Data shown ->
****************************************

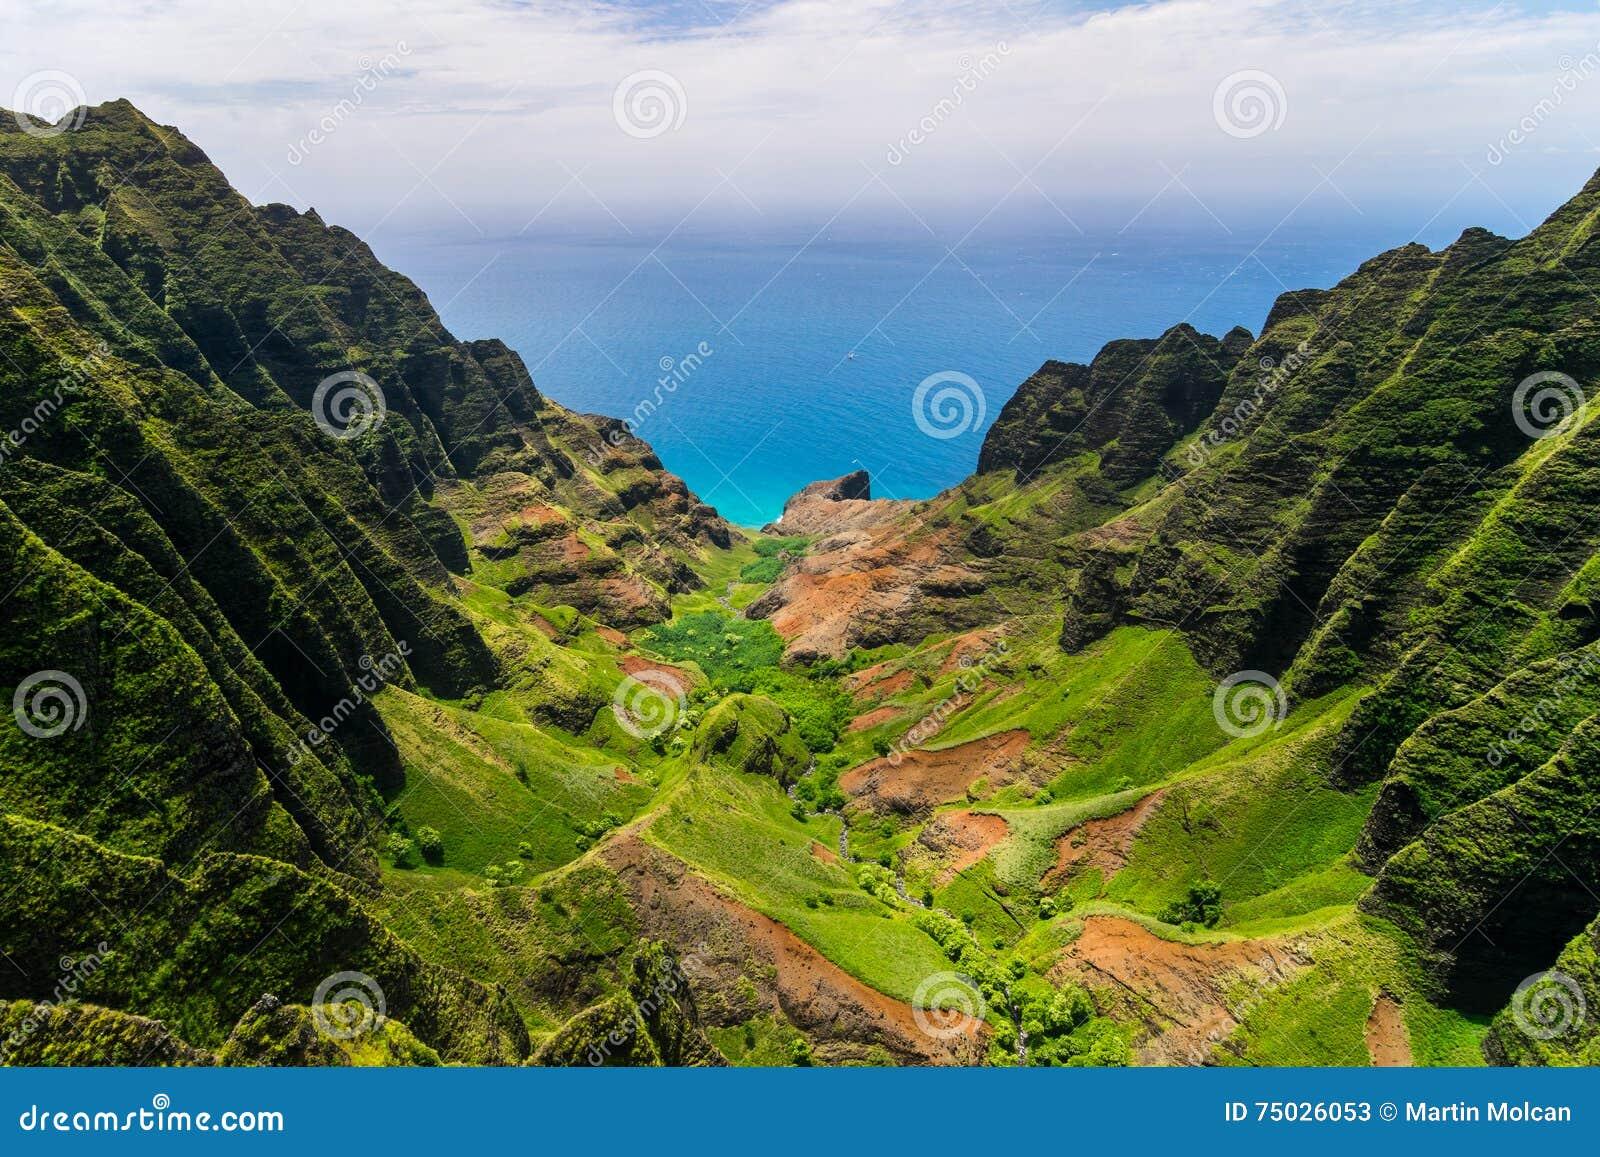 峭壁和绿色山谷,考艾岛空中风景视图
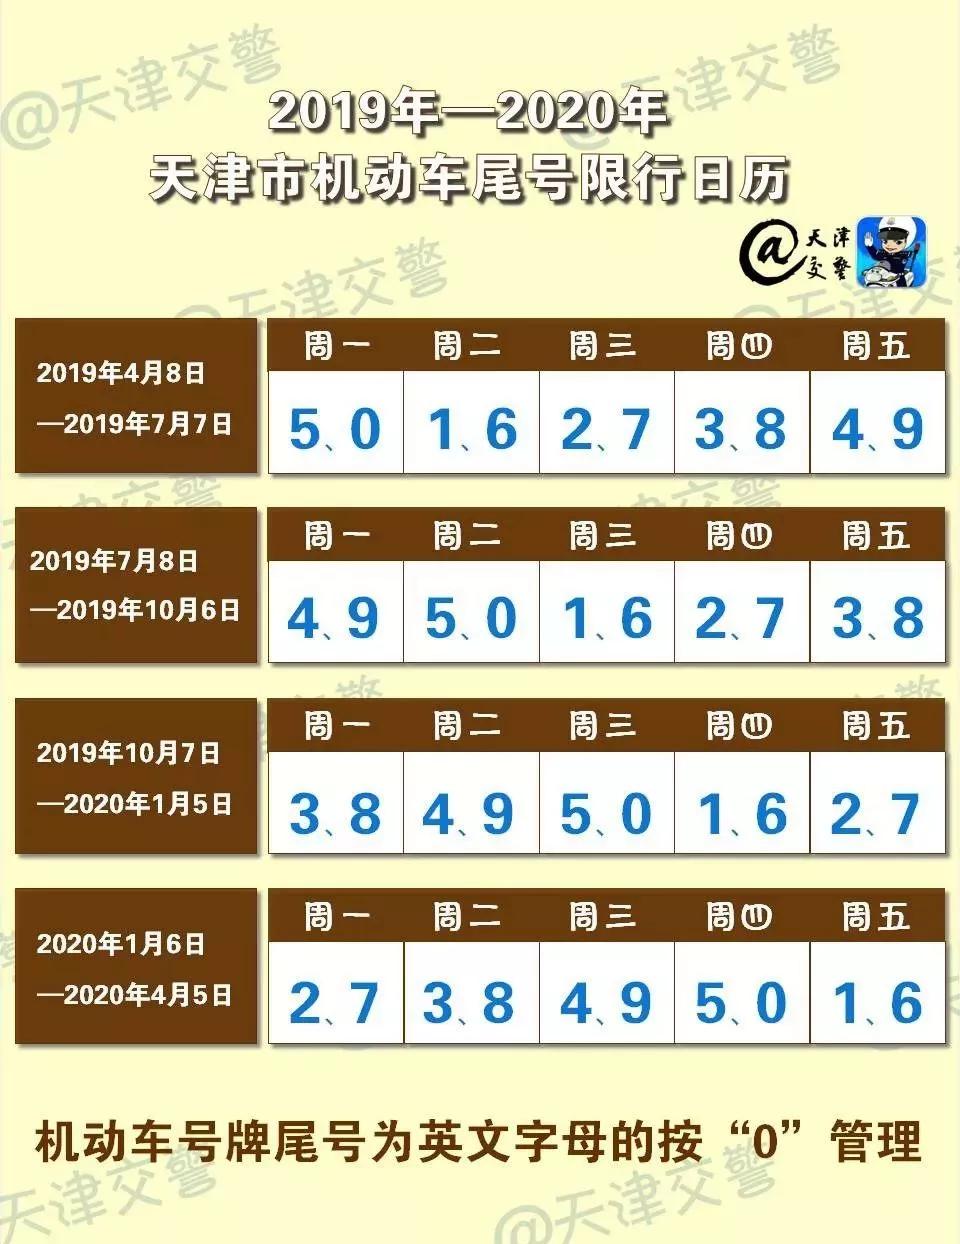 2019-2020天津尾号限行表(最新)
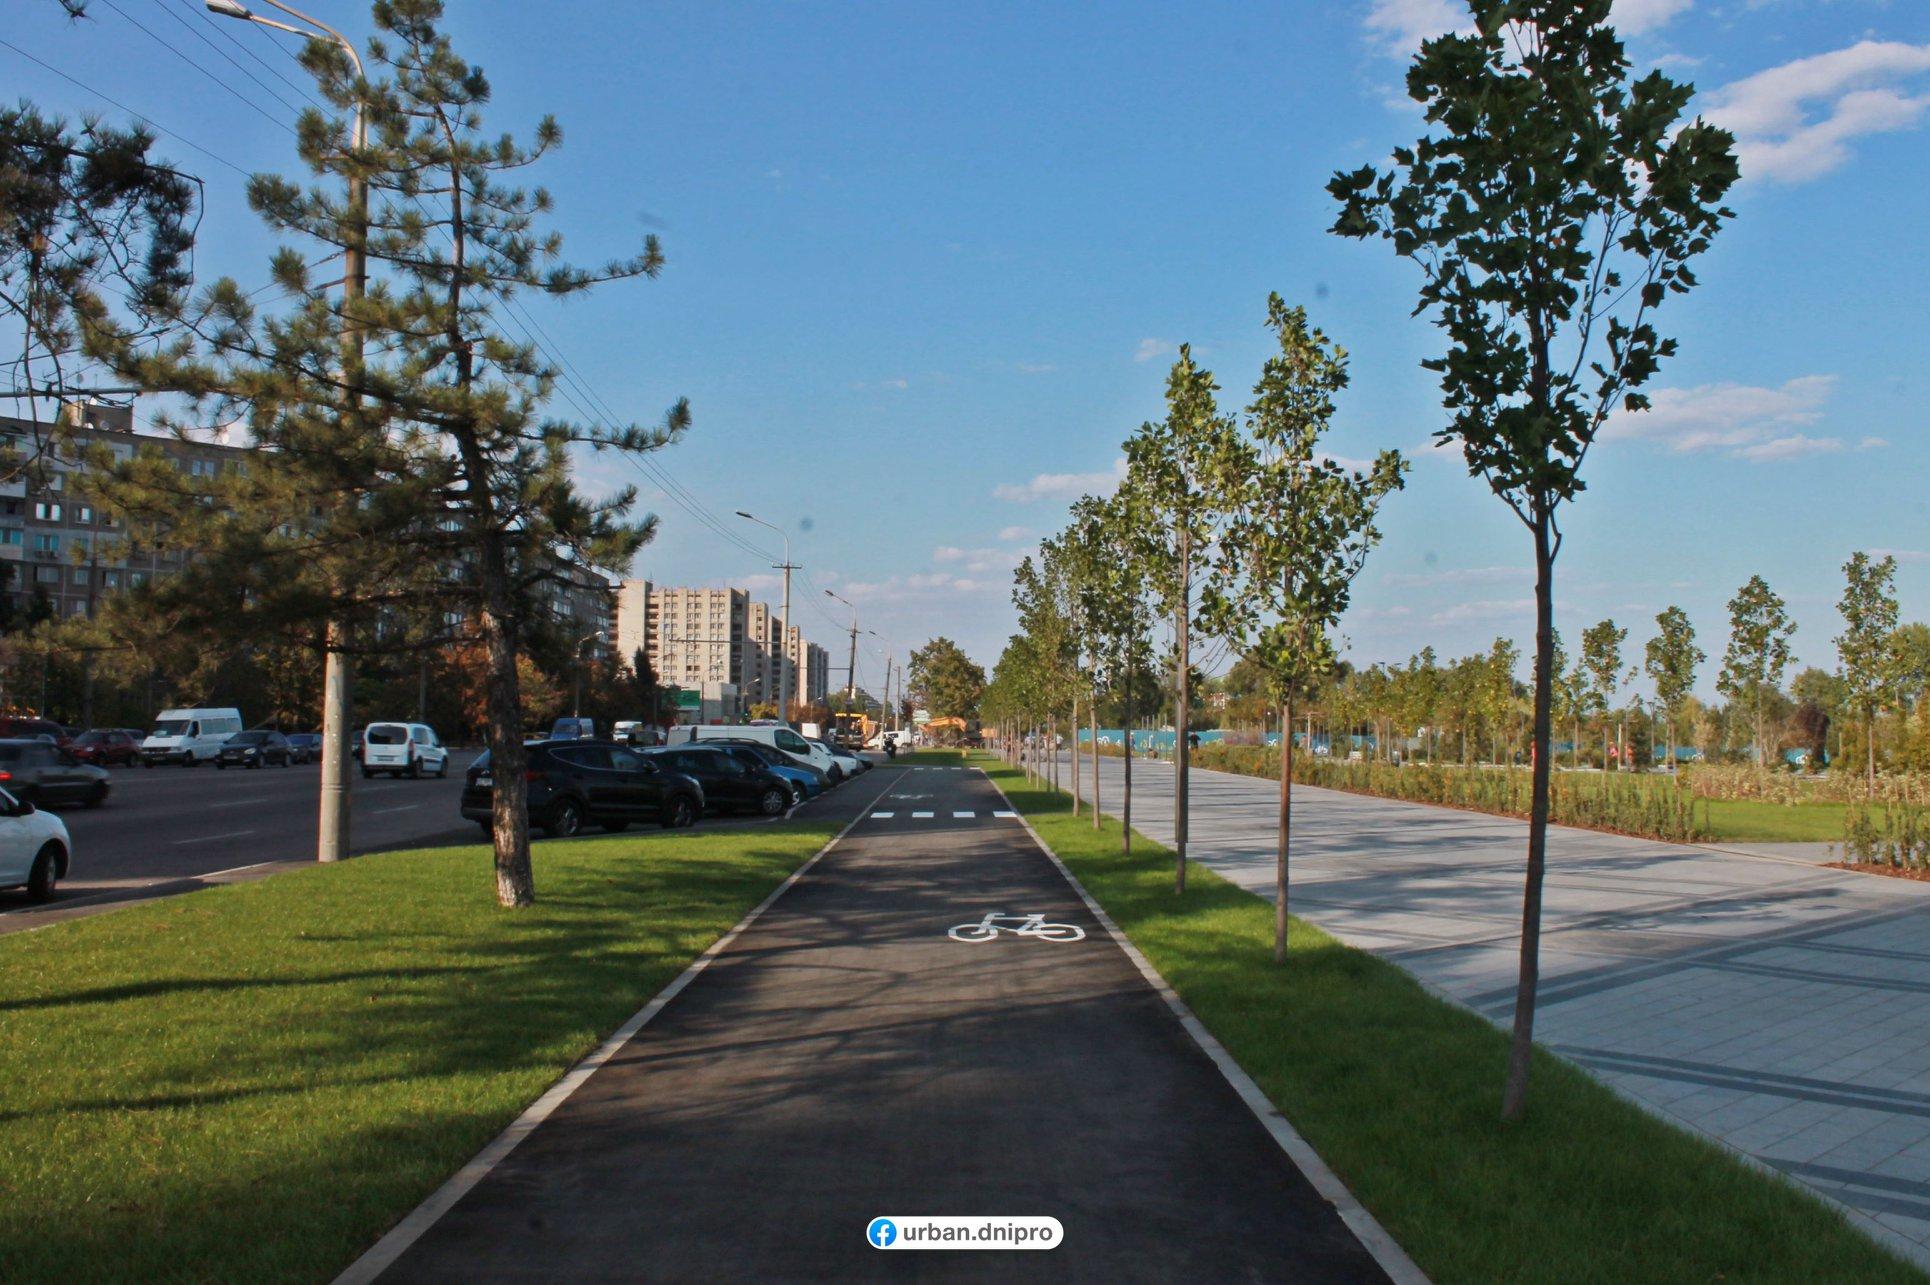 Все для комфорта: в Днепре обустроили велодорожки и пешеходные зоны. Новости Днепра
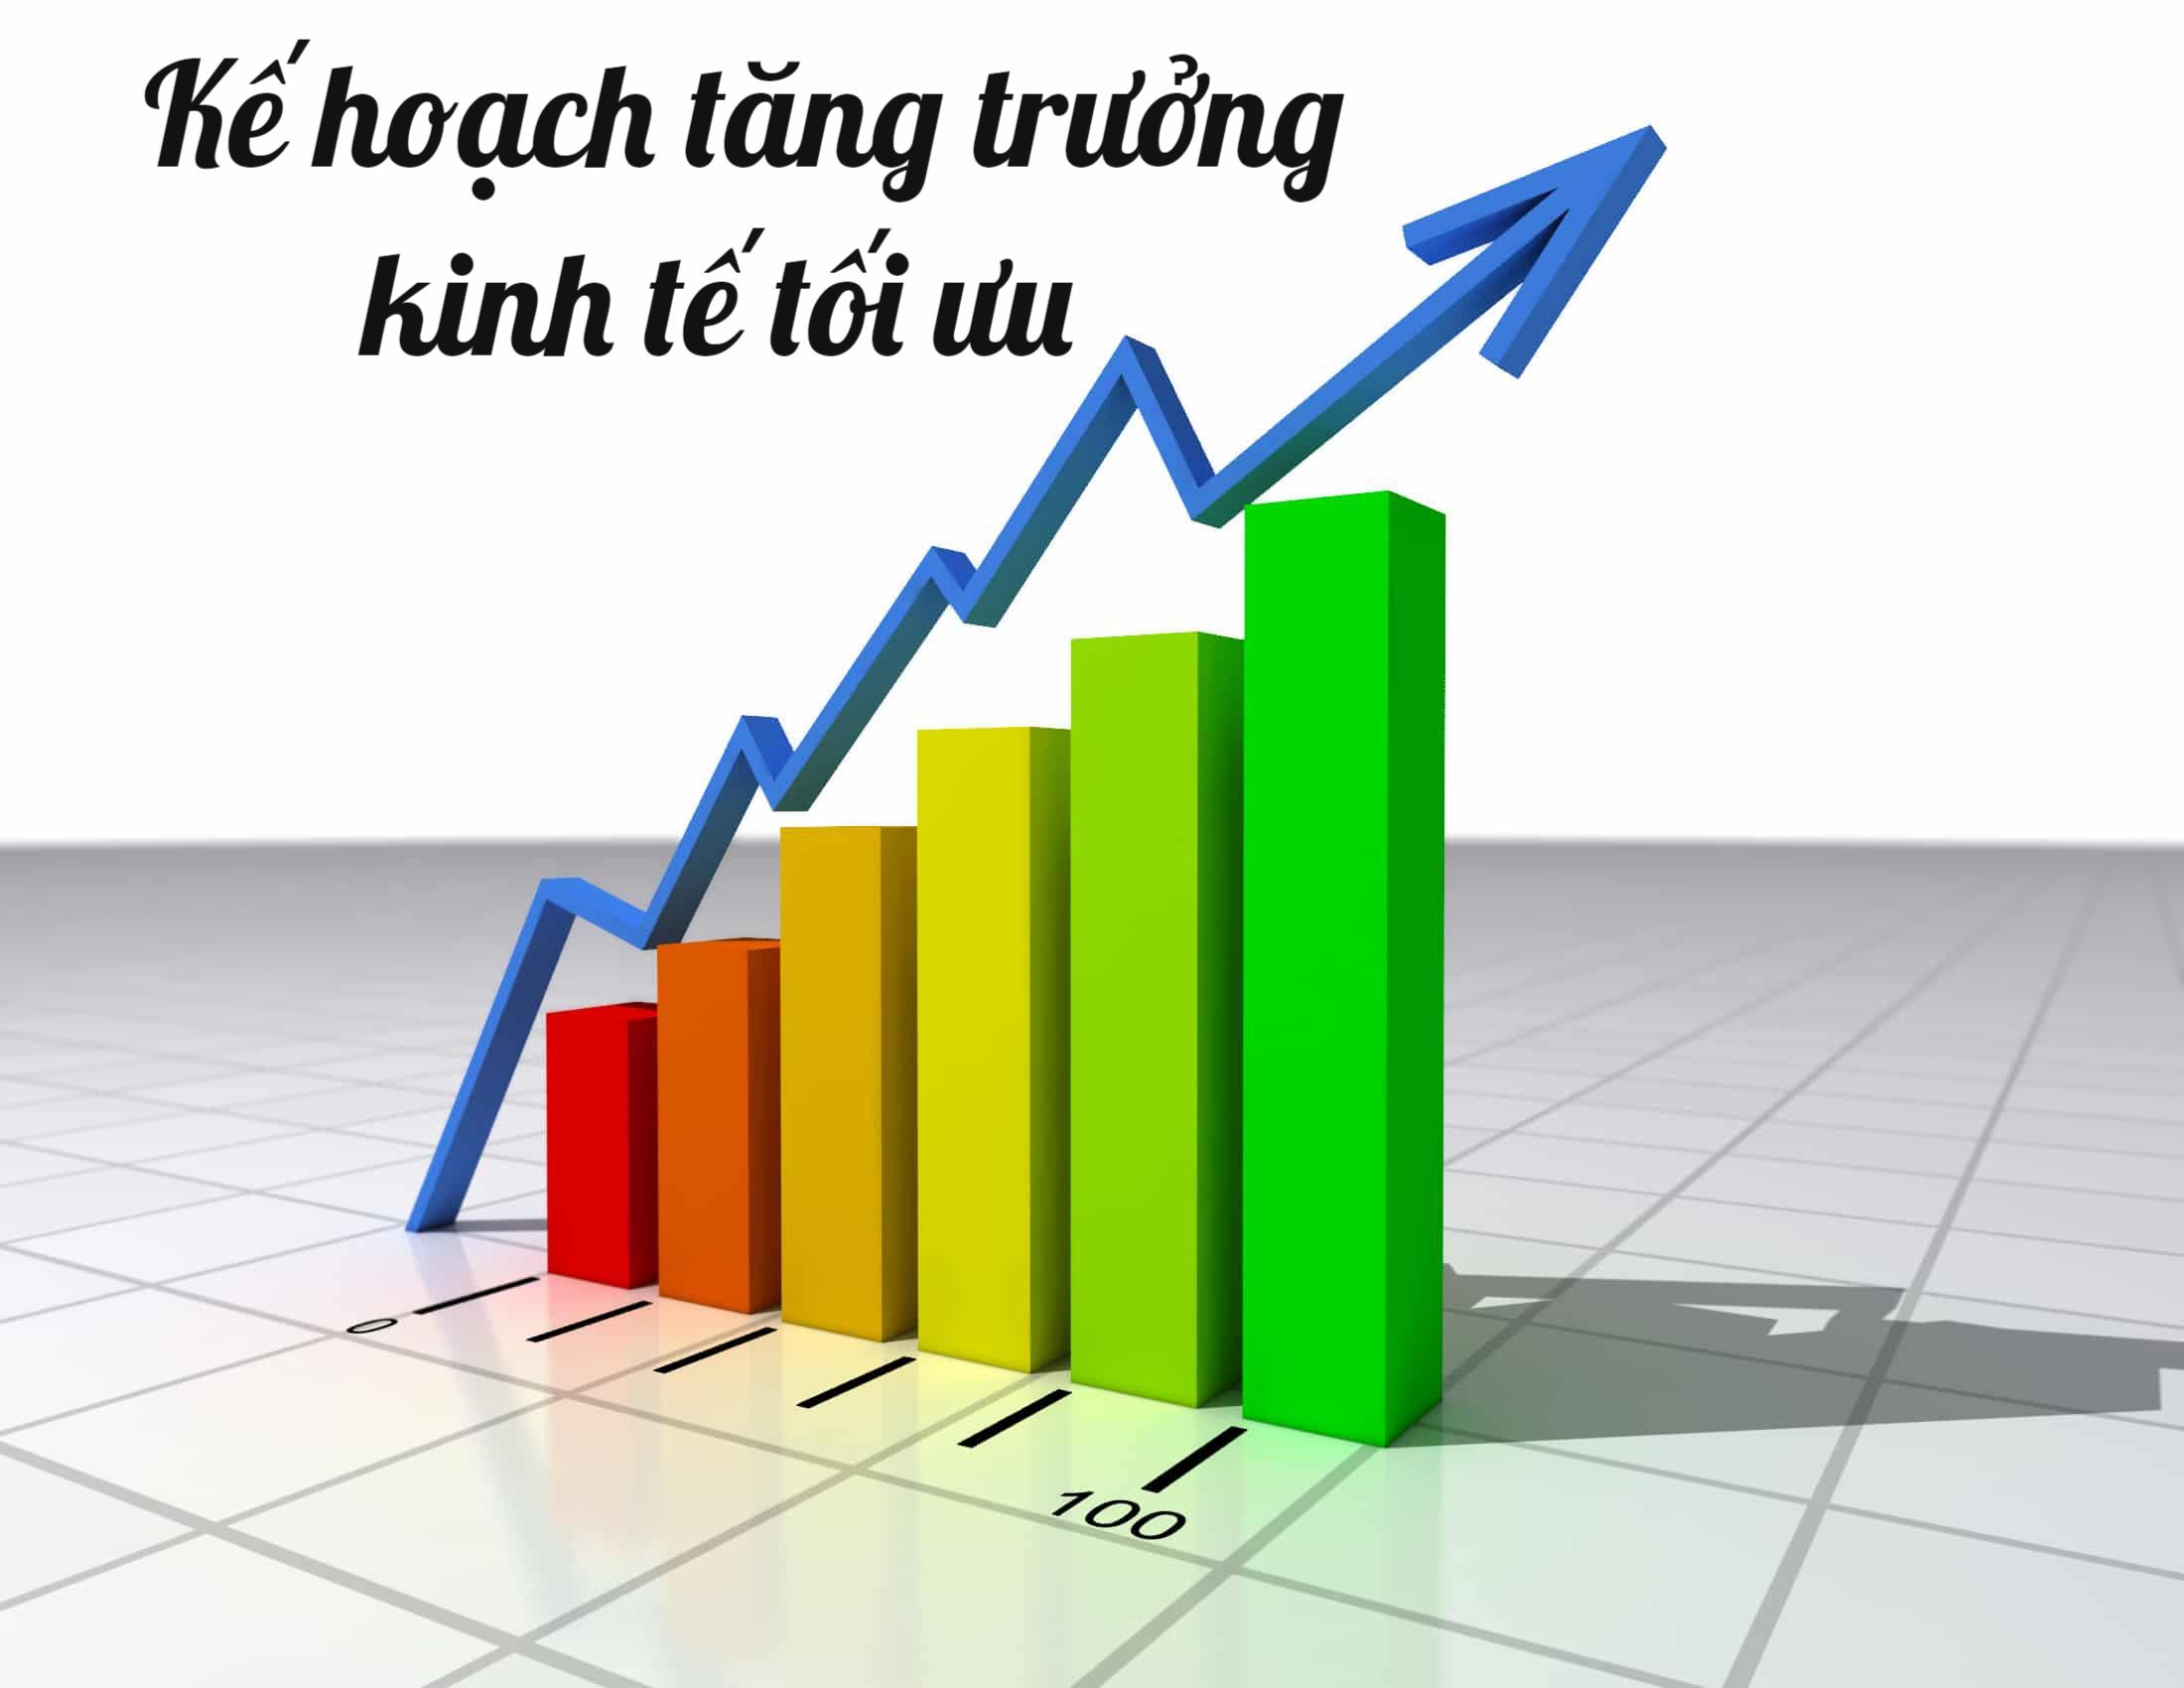 Kế hoạch tăng trưởng kinh tế tối ưu là gì? - Ảnh 1.

****************************************

What is being asked -> Restate the listing above word for word and skip each picture.

Exercise output ->
 峭壁和绿色山谷,考艾岛空中风景视图
 2019-2020天津尾号限行表(最新)
 Все для комфорта: в Днепре обустроили велодорожки и пешеходные зоны. Новости Днепра
 Kế hoạch tăng trưởng kinh tế tối ưu là gì? - Ảnh 1.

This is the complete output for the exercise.